The probability that a missile hits a target successfully is 0.75. In order to destroy the target completely, at least three successful hits are required. Then the minimum number of missiles that have to be fired so that the probability of completely destroying the target is NOT less than 0.95, is _____

Let $$p = 0.75$$ be the probability that a single missile hits the target successfully.
Fire $$n$$ missiles independently and let $$X$$ be the number of successful hits. Then

$$X \sim \text{Binomial}(n,\;p)$$

To destroy the target completely we need at least three hits, so we require

$$P(X \ge 3) \;\ge\; 0.95$$

Using the complement rule, this is equivalent to

$$P(X \le 2) \;=\;\sum_{k=0}^{2} \binom{n}{k} p^{\,k} (1-p)^{\,n-k} \;\le\; 0.05$$

With $$p = 0.75$$ and $$1-p = 0.25$$, compute the left-hand side for successive integers $$n$$ until the inequality is satisfied.
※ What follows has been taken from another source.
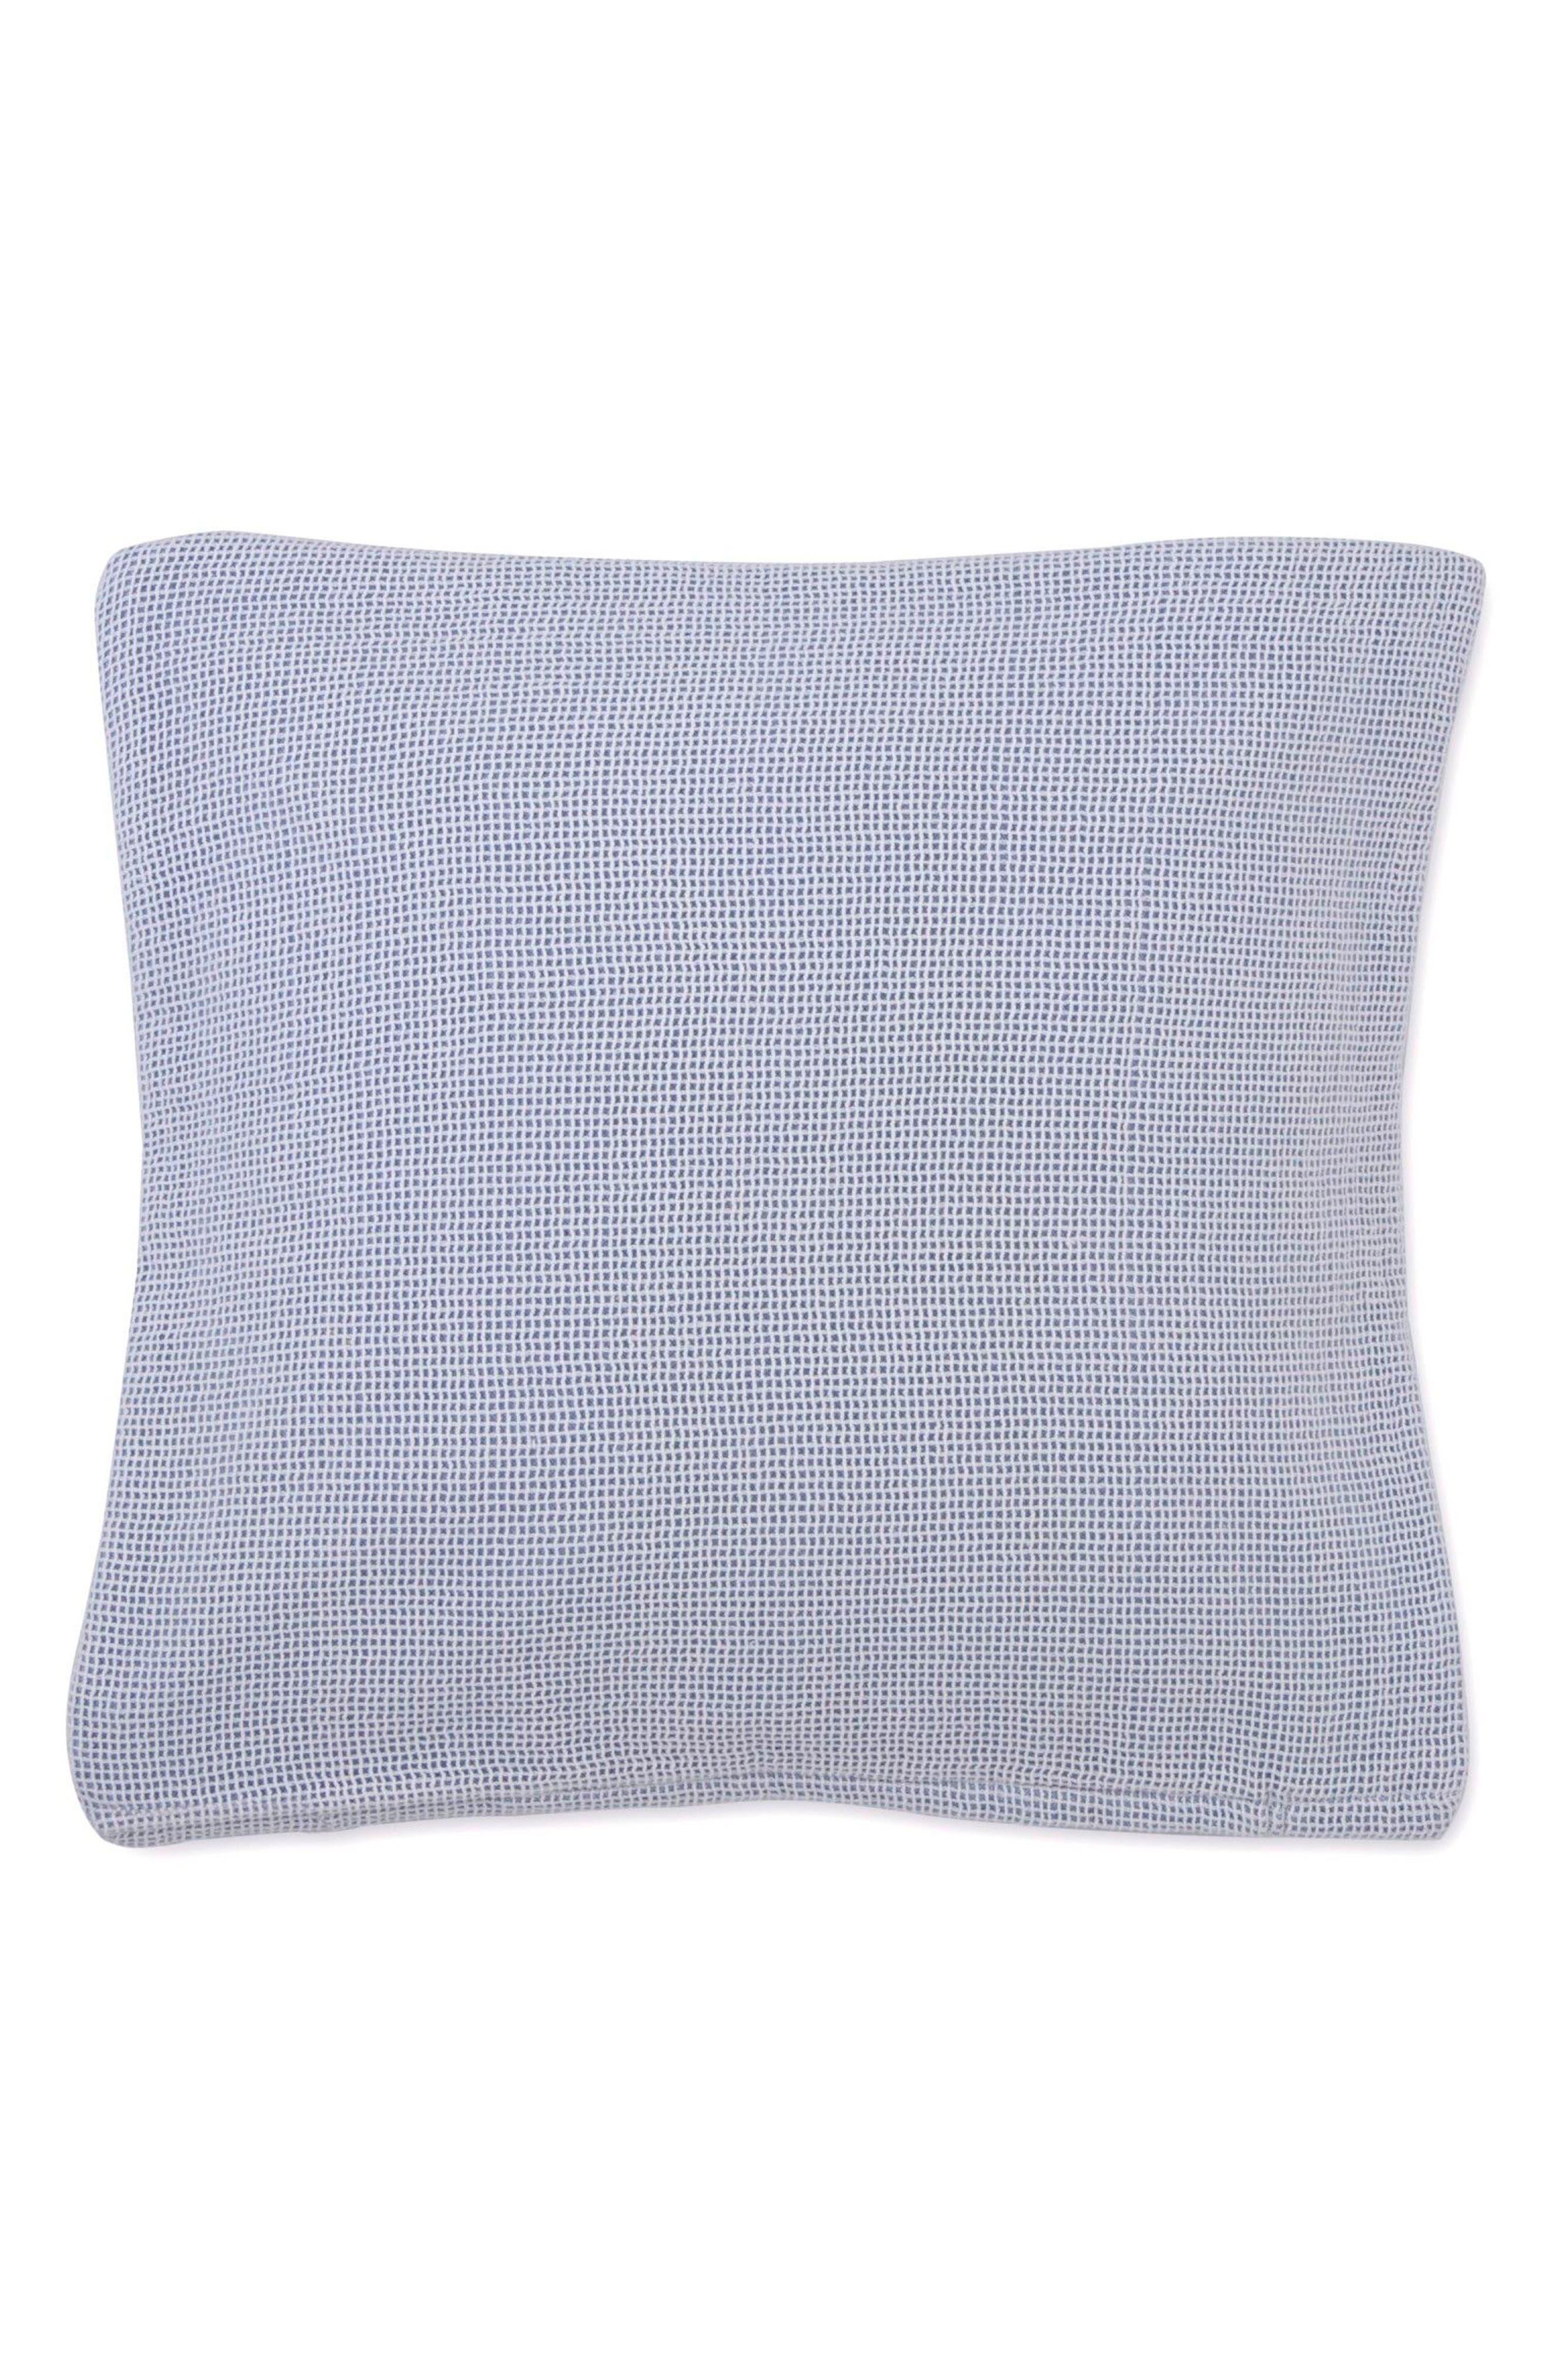 Sea Breeze Square Accent Pillow,                             Main thumbnail 1, color,                             LIGHT BLUE
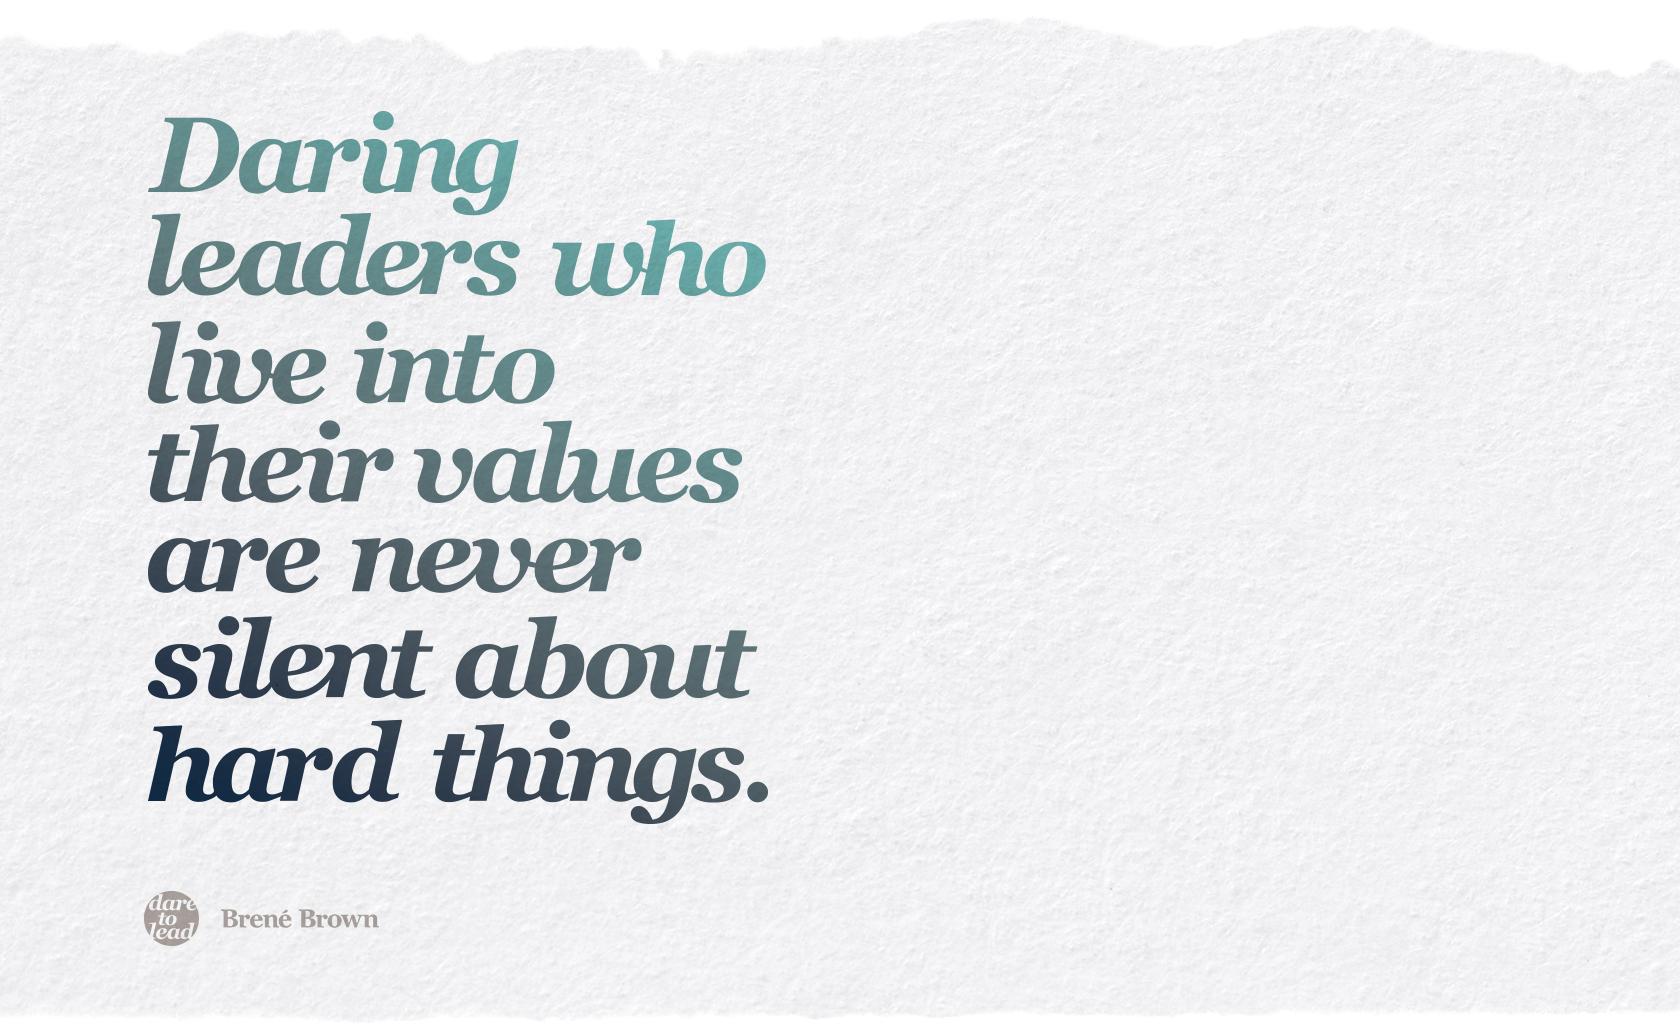 Daring leaders.jpg

$$\begin{aligned} P(X \le 2) &= \binom{5}{0}(0.75)^0(0.25)^5 \\[2pt] &\quad+\binom{5}{1}(0.75)^1(0.25)^4 \\[2pt] &\quad+\binom{5}{2}(0.75)^2(0.25)^3 \\[4pt] &= 1 \times 0.25^5 \;+\; 5 \times 0.75 \times 0.25^4 \;+\; 10 \times 0.75^2 \times 0.25^3 \\[4pt] &= 0.0009766 \;+\; 0.0146484 \;+\; 0.0878906 \\[4pt] &= 0.1035156 \end{aligned}$$

$$0.1035 \;>\; 0.05$$, so $$P(X \ge 3)=1-0.1035 = 0.8965 \lt 0.95$$. Five missiles are not enough.

$$\begin{aligned} P(X \le 2) &= \binom{6}{0}(0.75)^0(0.25)^6 \\[2pt] &\quad+\binom{6}{1}(0.75)^1(0.25)^5 \\[2pt] &\quad+\binom{6}{2}(0.75)^2(0.25)^4 \\[4pt] &= 1 \times 0.25^6 \;+\; 6 \times 0.75 \times 0.25^5 \;+\; 15 \times 0.75^2 \times 0.25^4 \\[4pt] &= 0.0002441 \;+\; 0.0043945 \;+\; 0.0329590 \\[4pt] &= 0.0375976 \end{aligned}$$

$$0.0376 \;\le\; 0.05$$, hence

$$P(X \ge 3) = 1 - 0.0375976 = 0.9624024 \;\ge\; 0.95$$

The inequality is satisfied for $$n = 6$$.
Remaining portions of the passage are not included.